Она обожала Глинку и считала, что более гениальной оперы, чем «Руслан», нет (впервые именно от нее я слышал, что «из „Руслана“ можно сделать несколько опер, так она богата»). Ее любимой оперой были «Гугеноты», как одна из самых певучих. Мама мне пела не очень охотно — голос ее уже далеко не звучал, как раньше, но меня до слез трогали ее глубокие грудные ноты. Понемногу — каждое лето все новое — я услышал в ее исполнении и романсы Шуберта (сладко вспоминалась его «Серенада», которую напевал мой отец в моем детстве), старого «Соловья» Алябьева и романсы Глинки, Даргомыжского (особенно любимые мамой)[212] и навеки мне запомнившийся дивный романс Бородина на пушкинское «Для берегов отчизны дальной». Своих оперных арий она мне почти совсем не пела.

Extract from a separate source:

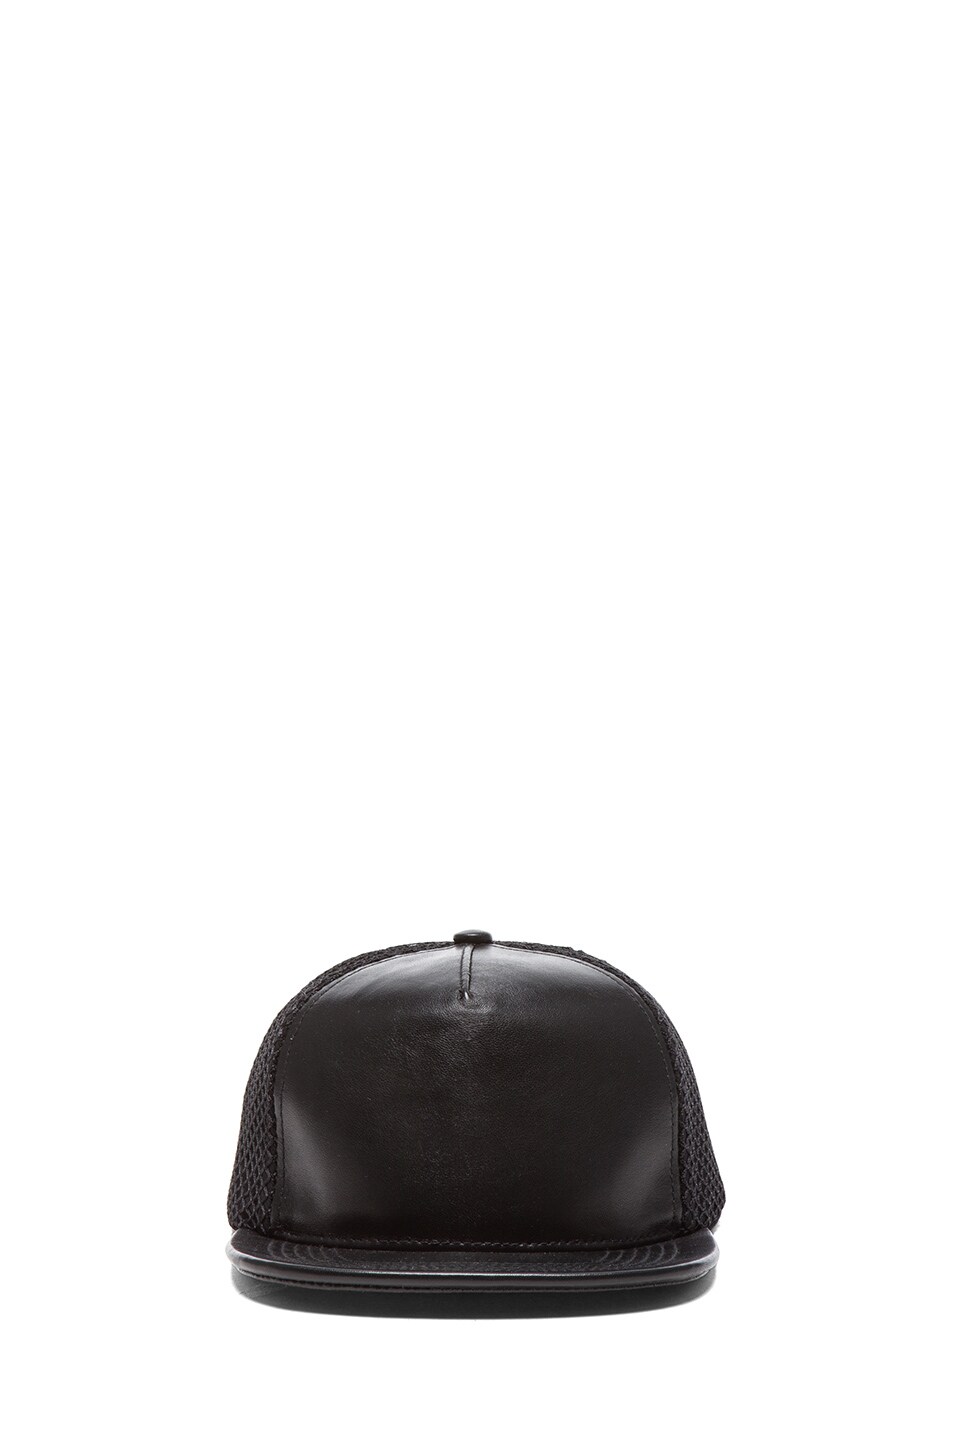 Image 1 of Stampd Lambskin Mesh Back Hat in Black

И[ван] В[асильевич] пел охотнее, мама аккомпанировала. Его замечательный бас был еще полон силы, дикция и фразировка были замечательны. Репертуар у него был весьма обширный. Он пел из опер арии Мефистофеля и Фарлафа, романсы Балакирева, «Блоху» Мусоргского и «Во Францию два гренадера» Шумана (впоследствии я сравнивал с Шаляпиным и — могу утверждать — во фразировке он ему не уступал) и многое другое. Особенно меня потрясал в его исполнении «Ночной смотр» Глинки.
Тогда, в мое первое лето, в доме гостил брат И[вана] В[асильевича], худой, высокий, с козлиной бородкой, доктор Павел Васильевич, приезжавший из Харькова. У него был приятный тенорок, и они пели дуэты. Особенно мне нравился длинный и «вампукистый» (слова этого тогда, впрочем, еще не было) диалог[213] их из «Пуритан» Беллини. Бас: «Если образ прелестной Эльвиры мне предстанет, мне предстанет с такими словами, то мольбой и слезами заслужу я прощение у ней. Но, явись мне Артур ненавистный, его образ меня не пугает, пусть небесный он суд призывает, в царство мрака, в царство мрака, в царство мрака я ввергну его». Тенор: «Склонись на просьбу друга и позабудь о мщении». Бас (сейчас же склоняясь): «В душе вражда стихает, тронул меня ты слезами», и затем оба: «Трубы на бой взывают, стройно дружина бьется, в воздухе клич несется: победа или смерть» и т. д. (Я пародировал их дуэт, рисовал на них карикатуры и очень смешил этим маму).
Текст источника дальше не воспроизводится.